Compare the calculated \(t\) to the critical \(t\):

\[|1.801| < 2.201\]

The calculated t-statistic fails to reach the rejection region.

7. Final Conclusion

At the \(0.05\) level of significance, we Fail to Reject the Null Hypothesis. We can't say that the humidity level we found is different from the needed 42%. With only 12 sensors, the high variance (\(25\)) makes the data too uncertain. We cannot mathematically prove the system is broken, even though the average (55) looks quite high.

Is the sample mean different from a specific number \(\mu_{0}\)?

H Mean (μ₀): 42

Sample Mean (x̄): 55

Sample Std Dev (s): 25

Sample Size (n): 12

Significance Level (α): 0.05

What if you tested this with 24 sensors and got the same mean and standard deviation, would that change the result?
What about at a 99% confidence level (\(\alpha= .01\))
What happens when the sample standard deviation or sample mean decrease?
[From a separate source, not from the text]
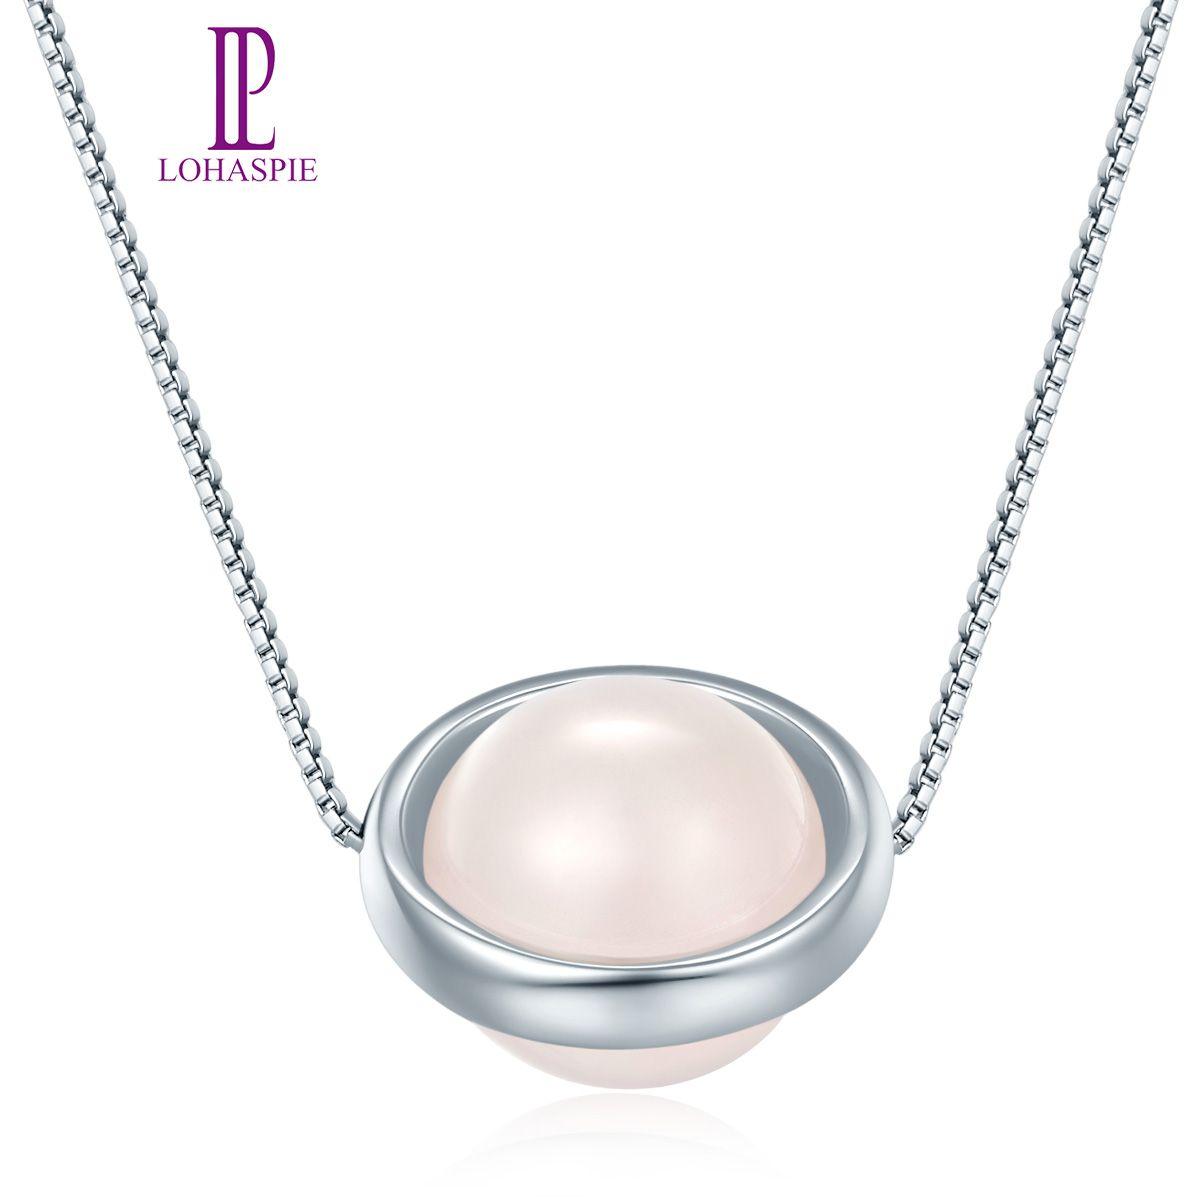 Regalo de la joyería de la piedra preciosa natural verdadero fino Moda 10mm cuarzo rosa Ronda 925 colgante de plata esterlina collar para las mujeres de muchacha al por mayor

Let's say you add fans to even out the humidity, and it brings the standard deviation of your measurements down to 10%. You also add 6 more sensors so you have 18 in total, and you want to have at least a confidence level of 99%. You want to know what values you should look for tomorrow when you get the sensor data. What values would your sample mean have to fall between for you to be able to say that the greenhouse has 42% ambient humidity?